The concert opened with a piece that skirted monotony over its five-minute length. But Joan Tower's "Sixth Fanfare for the Uncommon Woman" varied its metronomic signature effectively in this performance. Outbursts near the start hinted at the fanfare tradition, but the brass also presented jazzy figures that were celebratory in a different manner.
The variety skillfully woven into the tapestry suggested that women, uncommon nor not, are better than men at multitasking. This was not one of those peppy new curtain-raisers for orchestra in the recent tradition of John Adams' testosterone-rich "Short Ride in a Fast Machine." The sweep of glissandos near the decisive end was a clever culminating touch. Cherchez la femme! Friday's performance seemed assured from end to end.
ISO soprano soloist Janice Chandler-Eteme |
A newer piece brought to the stage this weekend's other two guest artists: soprano Janice Chandler-Eteme and narrator Joshua Thompson. Adolphus C. Hailstork's "JFK: The Last Speech" uses John F. Kennedy's speech in tribute to Robert Frost at Amherst College the month before the era-shattering assassination. Sixty years ago last Thursday Kennedy spoke magisterially about the importance of the arts and what the recently deceased New England poet represented to American artistic achievement.
Frost had spoken at Kennedy's inauguration in 1961, the first poet ever included in this patriotic ritual. "Summoning artists to participate / In the august occasions of the state / Seems something artists ought to celebrate" is how the poem Frost intended to recite begins. But the glare of winter sunlight forced him to draw on his memory to say his old patriotic poem "The Gift Outright."

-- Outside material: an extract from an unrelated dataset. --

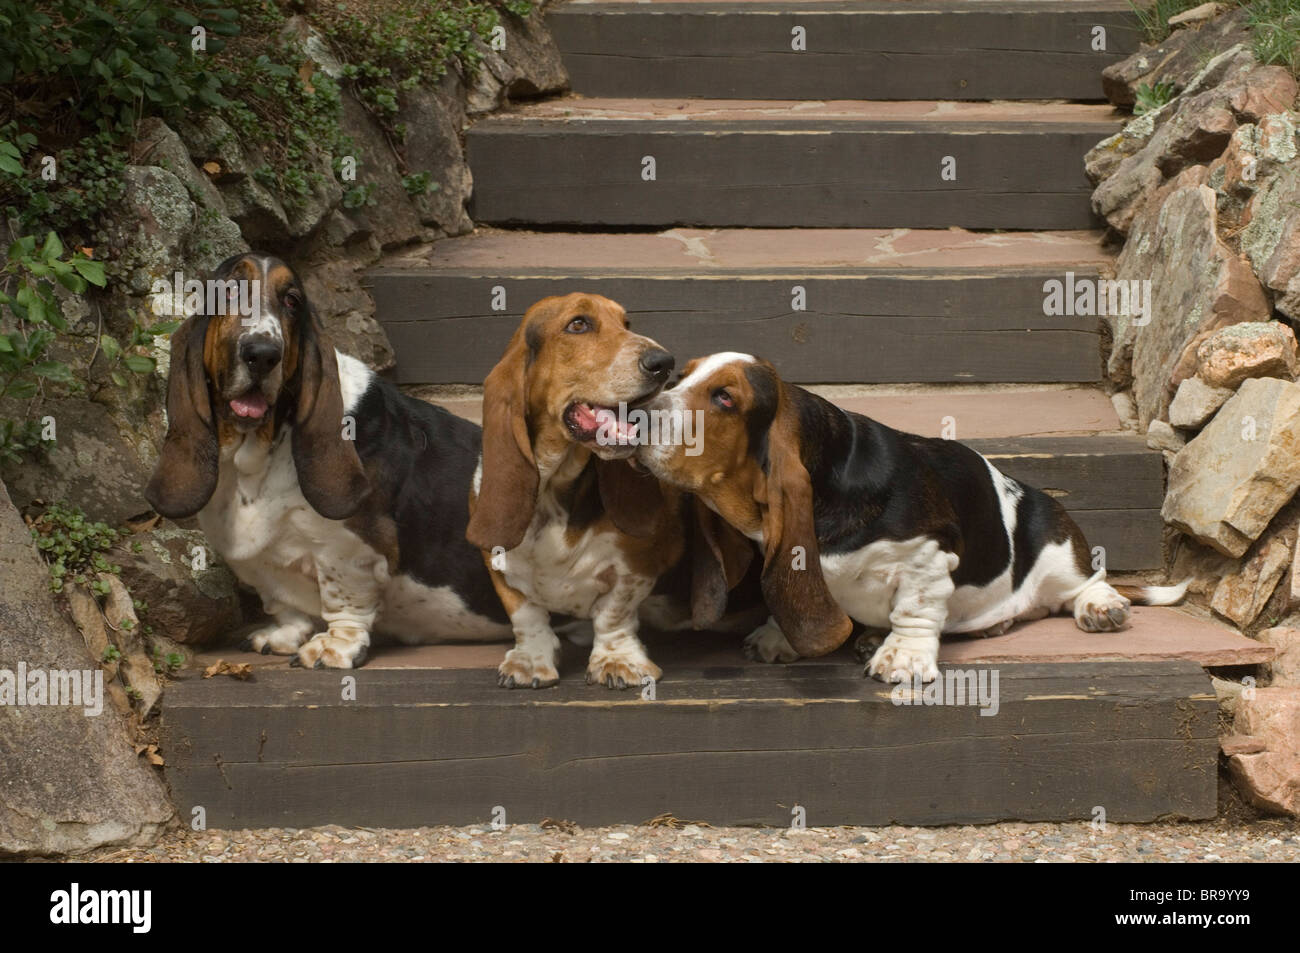 THREE BASSET HOUNDS ON OUTDOOR STEPS Stock Photo

Hailstork's orchestra writing gives color and pulse to expressions of hope and special moments in our
Joshua Thompson |
history, neatly folded into one another. It opens with a demanding fanfare-like trumpet assertion, well played Friday by acting assistant principal Allen Miller. After Thompson's first debonair, urgent delivery of Kennedy's words, I caught recognizable snatches of Frost in Chandler-Eteme's soaring soprano. Without text, long phrases from high voices are often hard to discern, and I wondered if Hailstork's option of a tenor soloist should have been taken. Chandler-Eteme sounded thoroughly invested in her task, however, and brought it off well.
The scoring seemed competent and attentive to the words of both Frost and Kennedy. It never held any surprises, though. The last lines of "Stopping by Woods" wrap up the vocal contribution, as solo oboe, then flute, over tremolo strings, lead to a soft landing for the ensemble. Earlier, JFK's words about the artist's duty follow upon the harp-accompanied "Acquainted With the Night," then a cello solo.
The work is like a museum diorama or the picturesque arrangement of buildings, trees, and terrain for a Lionel toy-train display. Everything is in its place, complementing its surroundings. But it's overloaded with reverence, and turns the wary stance of Frost into something too all-embracing: "The Road Not Taken," one of the poems Hailstork quotes, tends to be misinterpreted as self-confident about fateful choices, when it is in fact doubtful about what "all the difference" between the two paths really is.
The path that the ISO and many American orchestras have taken about programming similarly might not yield a definitive answer. "Brahms and the American Spirit" fits the desired juxtaposition of old and new music as well as today's diversity trend. Further experimentation is warranted.